Distant Colliding Galaxy Dying Out As It Loses the Ability to Form Stars – Ejecting 10,000 Suns-Worth of Gas a Year - SolidRumor.com

Distant Colliding Galaxy Dying Out As It Loses the Ability to Form Stars – Ejecting 10,000 Suns-Worth of Gas a Year

 Distant Colliding Galaxy Dying Out As It Loses the Ability to Form Stars – Ejecting 10,000 Suns-Worth of Gas a Year

This artist’s impression of ID2299 shows the galaxy, the product of a galactic collision, and some of its gas being ejected by a “tidal tail” as a result of the merger. New observations made with ALMA, in which ESO is a partner, have captured the earliest stages of this ejection, before the gas reached the very large scales depicted in this artist’s impression. Credit: ESO/M. Kornmesser

Galaxies begin to “die” when they stop forming stars, but until now astronomers had never clearly glimpsed the start of this process in a far-away galaxy. Using the Atacama Large Millimeter/submillimeter Array (ALMA), in which the European Southern Observatory (ESO) is a partner, astronomers have seen a galaxy ejecting nearly half of its star-forming gas. This ejection is happening at a startling rate, equivalent to 10,000 Suns-worth of gas a year — the galaxy is rapidly losing its fuel to make new stars. The team believes that this spectacular event was triggered by a collision with another galaxy, which could lead astronomers to rethink how galaxies stop bringing new stars to life.
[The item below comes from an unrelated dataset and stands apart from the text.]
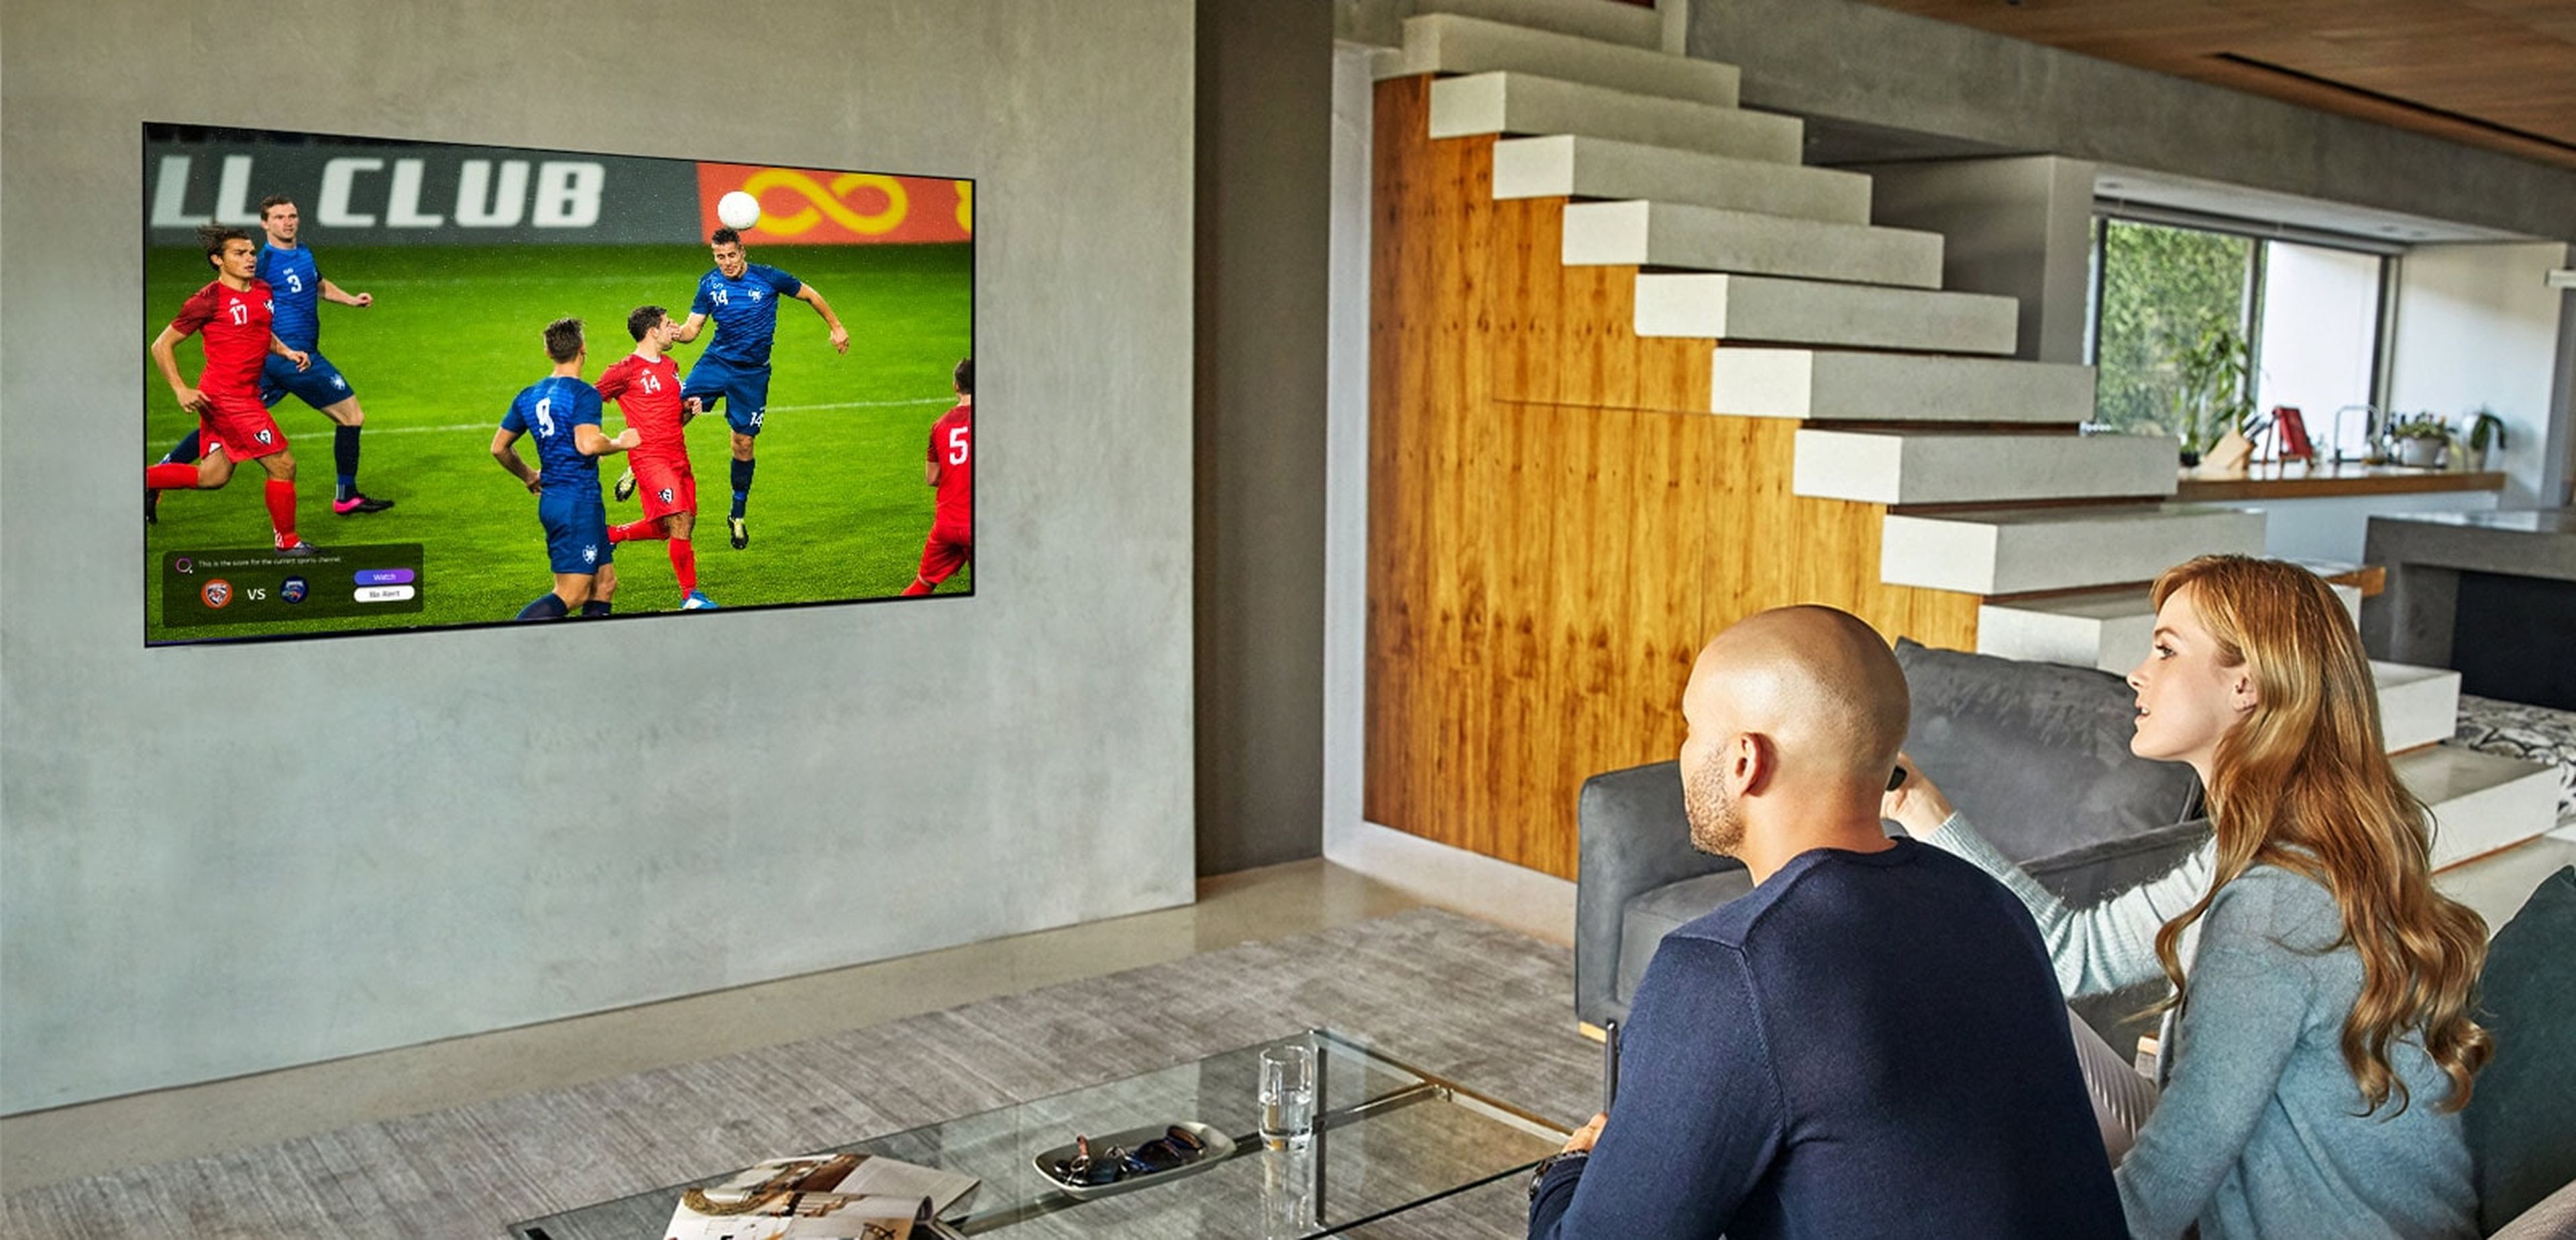 Disfruta de la Eurocopa de la manera más inteligente y con la mejor calidad de imagen con los televisores de LG
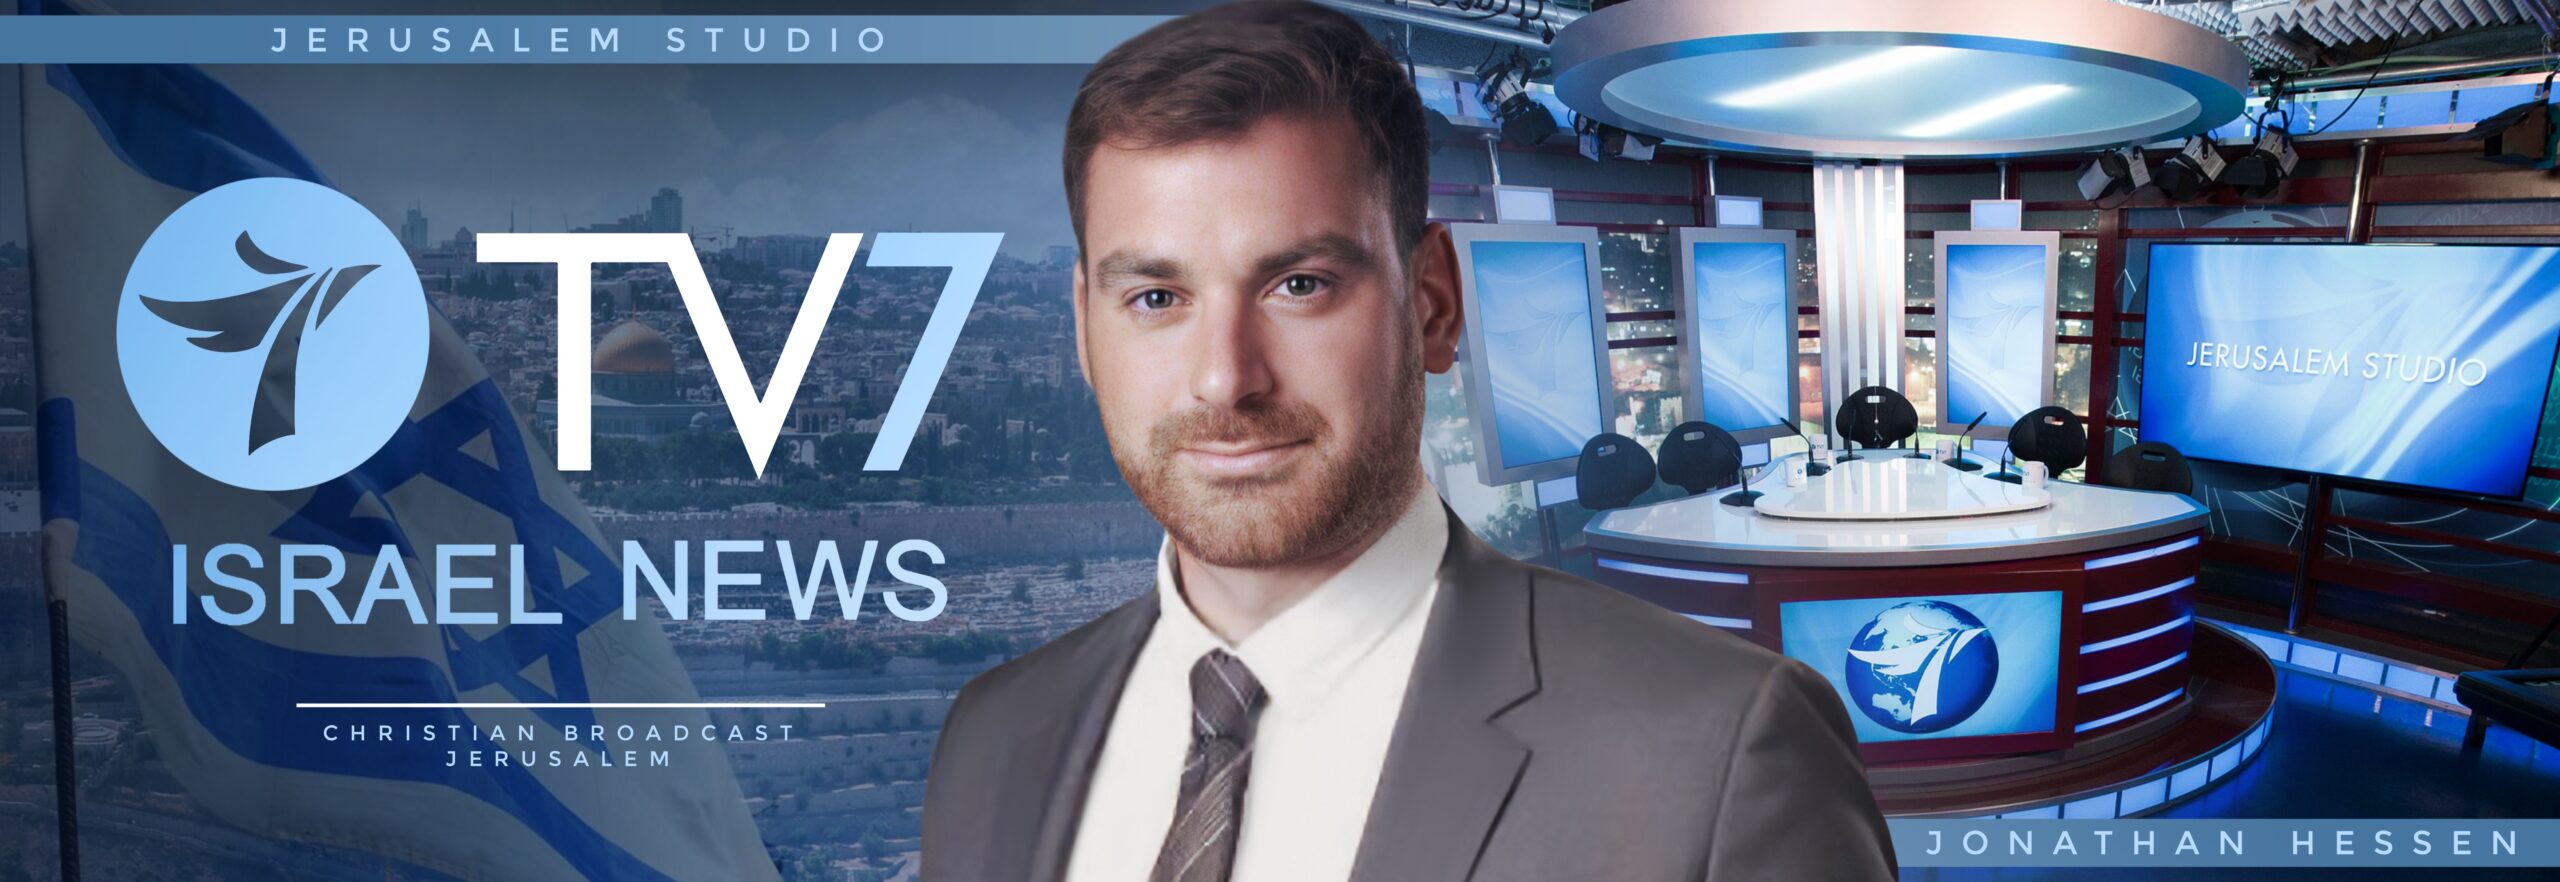 TV7 Israel News Ad

“This is the first time we have observed a typical massive star-forming galaxy in the distant Universe about to ‘die’ because of a massive cold gas ejection,” says Annagrazia Puglisi, lead researcher on the new study, from the Durham University, UK, and the Saclay Nuclear Research Centre (CEA-Saclay), France. The galaxy, ID2299, is distant enough that its light takes some 9 billion years to reach us; we see it when the Universe was just 4.5 billion years old.

The gas ejection is happening at a rate equivalent to 10,000 Suns per year, and is removing an astonishing 46% of the total cold gas from ID2299. Because the galaxy is also forming stars very rapidly, hundreds of times faster than our Milky Way, the remaining gas will be quickly consumed, shutting down ID2299 in just a few tens of million years.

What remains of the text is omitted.